Porter v. State ex rel. Dept. of Public Safety & Corrections

701 So. 2d 1069, 97 La.App. 5 Cir. 555, 1997 La. App. LEXIS 2624, 1997 WL 665072
CourtLouisiana Court of Appeal
DecidedOctober 28, 1997
DocketNo. 97-CA-555
StatusPublished
Cited by2 cases

This text of 701 So. 2d 1069 (Porter v. State ex rel. Dept. of Public Safety & Corrections) is published on Counsel Stack Legal Research, covering Louisiana Court of Appeal primary law. Counsel Stack provides free access to over 12 million legal documents including statutes, case law, regulations, and constitutions.

Bluebook
Porter v. State ex rel. Dept. of Public Safety & Corrections, 701 So. 2d 1069, 97 La.App. 5 Cir. 555, 1997 La. App. LEXIS 2624, 1997 WL 665072 (La. Ct. App. 1997).

Opinion

JiDUFRESNE, Judge.

This is an appeal by the State of Louisiana, through the Department of Public Safety and Corrections, defendant-appellant, from an adverse judgment in a suit involving an automobile collision. Orelia Porter, plaintiff-ap-pellee, was a passenger in her daughter’s car when they were struck from the rear by a Department-owned car driven by one of its employees in the course and scope of her employment. Plaintiff subsequently underwent two spinal fusions, with medical bills totaling $130,379.77. At a bench trial, the [1070]*1070trial judge found that the accident was the cause of plaintiff’s injuries, and awarded her the medical expenses, as well as general damages of $300.000.00. Because we find no manifest error in the factual determination as to causation, we must affirm the judgment.

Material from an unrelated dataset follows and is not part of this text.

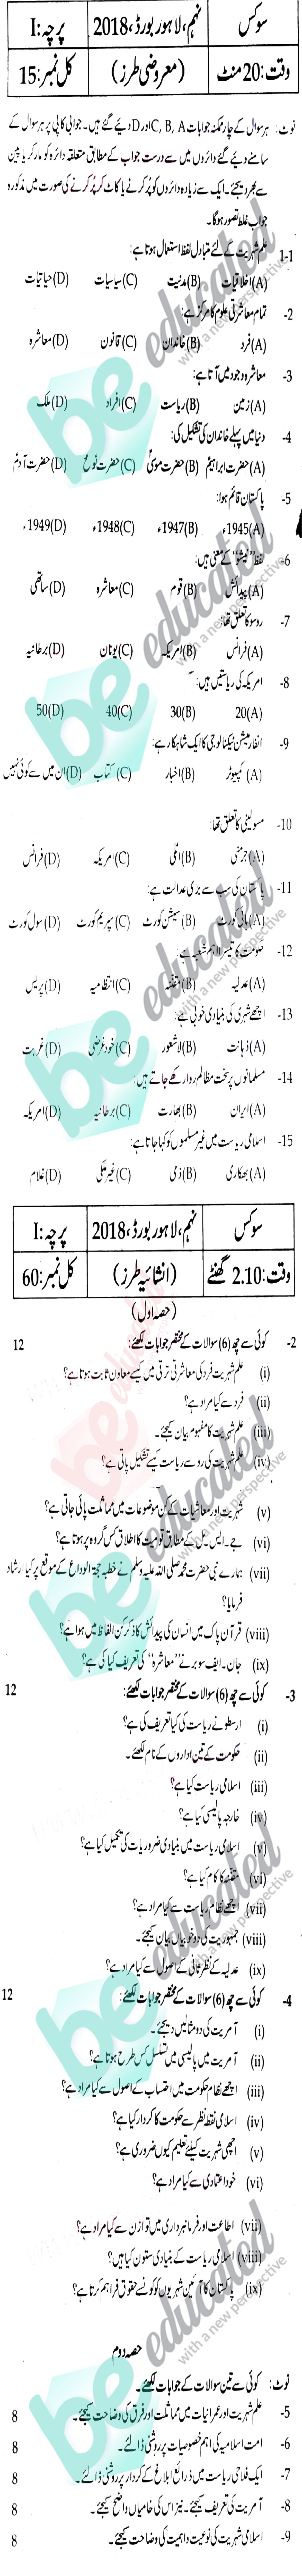 Civics 9th Class Urdu Medium Past Paper Group 1 BISE Lahore 2018

At the outset, we note that there is no real dispute as to the facts of the accident or the Department’s liability. On June 26, 1992, ^plaintiff and her daughter were in slow moving traffic on a side street and apparently stopped because of road work. Their car was struck from behind by a Department car traveling about 5 MPH. Plaintiff alleged that she suffered immediate pain which worsened over the next three years and ultimately resulted in a spinal fusion in July, 1995, and a second fusion in October, 1995. Her medical bills for these procedures were stipulated to be over $130,000.00. Thus, the only issues for trial were whether the accident was causally related to all, or only a part, of plaintiff’s injuries, and what general damages would fairly compensate her for those injuries.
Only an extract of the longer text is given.